Ind-Ra rates Mahindra & Mahindra NCDs 'AAA' with stable outlook

The demand cycles for products of the two divisions are independent of each other.
India Ratings and Research (Ind-Ra) has assigned Mahindra & Mahindra (M&M) non-convertible debentures (NCDs) a final rating of AAA with a stable outlook.

Ind-Ra said M&M has maintained its leadership position in the domestic tractor market with 40 per cent market share in volume terms from FY09 to FY19. The company is also the number one player in the light commercial vehicle (goods carriers) segment with around 42.6 per cent market share in 11M FY20.

M&M has a diversified business profile with presence across farm equipment, auto and automotive components, defence, information technology, hospitality, steel trading, infrastructure and aerospace.

However, farm equipment and auto businesses together are the key revenue and profitability drivers, accounting for over 85 per cent of revenue and reported earnings before interest and taxes of the consolidated entity in FY19 (excluding Mahindra & Mahindra Financial Services Ltd).

"A diversified revenue stream shields the company's consolidated credit profile to an extent against demand variations in individual business divisions," said Ind-Ra.
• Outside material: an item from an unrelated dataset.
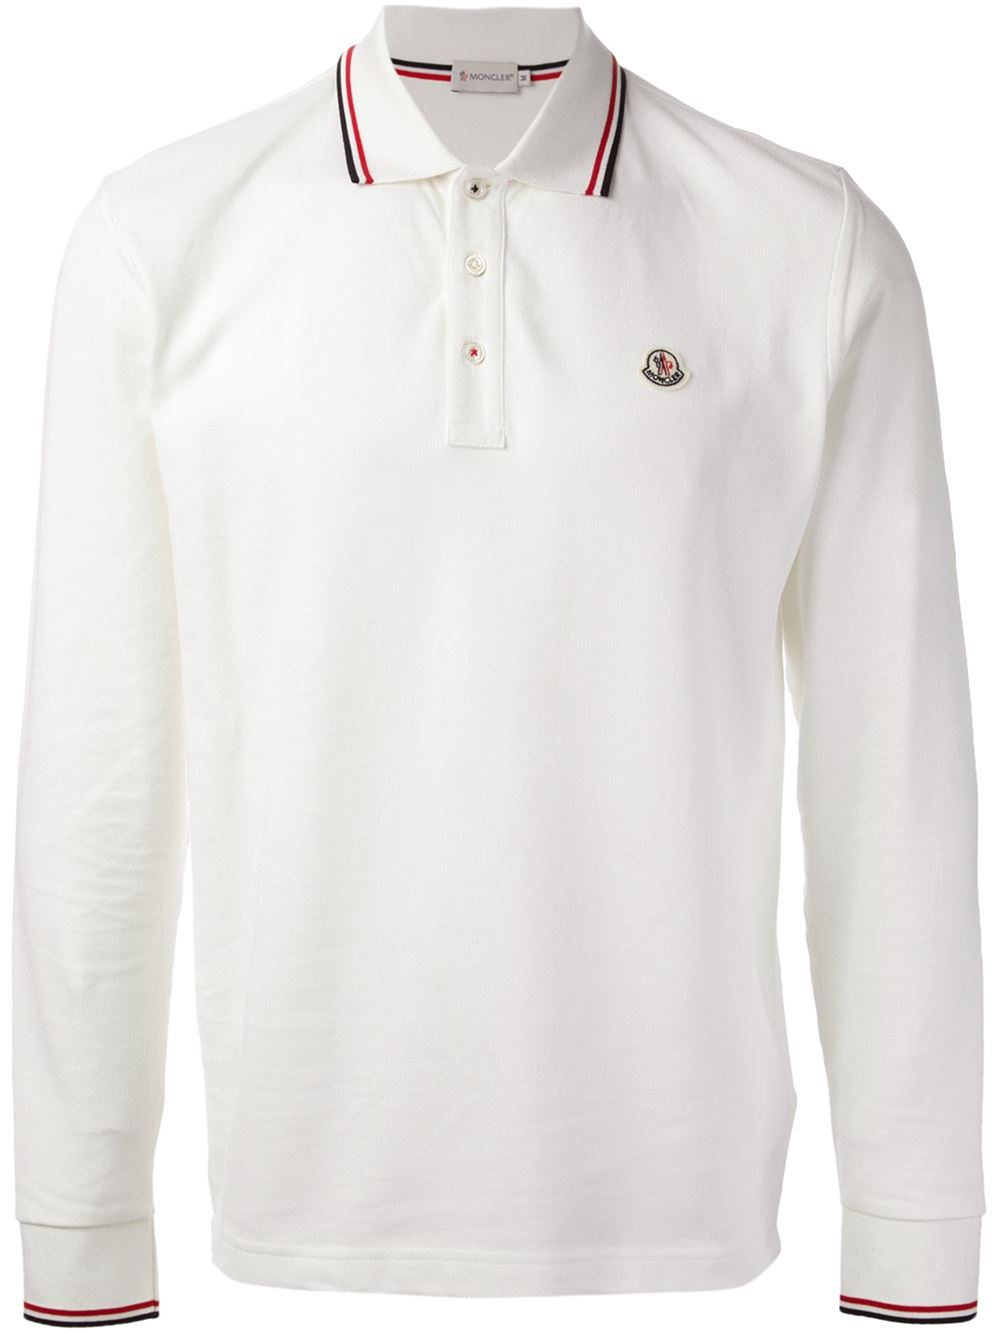 Lyst - Moncler Long Sleeve Polo Shirt in White for Men

The demand drivers for auto segment (GDP growth rate, disposable income, fuel prices, level of industrial production and interest rates) are different than those for farm equipment (adequacy of rainfall, interest subvention schemes and cost of labour in rural areas).

Within these two divisions, the company has a wide range of product offerings at various price points to cater to different customer segments. The demand cycles for products of the two divisions are independent of each other.

This is reflected by 22 per cent decline in M & M's auto sector volumes in FY20 while the volumes in tractors' segment fell only 9 per cent in FY20 due to a high rabi output and the government's renewed focus on the rural sector through higher allocation in the Union Budget.

Overall, the volume decline was 17 per cent year-on-year (auto and tractor sector combined) in FY20. The company's diversified profile helped limit the overall drop in revenue to about 5 per cent year-on-year during 9M FY20.

M & M's consolidated financial profile is characterised by low financial leverage and high coverage ratios. In 9M FY20, gross interest coverage (EBITDA/interest expenses) fell to over 8 times due to the weak performance of its subsidiaries. The net adjusted leverage (adjusted debt net of cash/EBITDAR) improved to 0.6 times in FY19 due to a lower net debt position.

Ind-Ra estimates it to have remained below 1 time in FY20 and to be at a similar level in FY21. M & M's debt stood at Rs 12,040 crore at FYE19 and the agency has factored in the impact of additional NCD issuances in the same.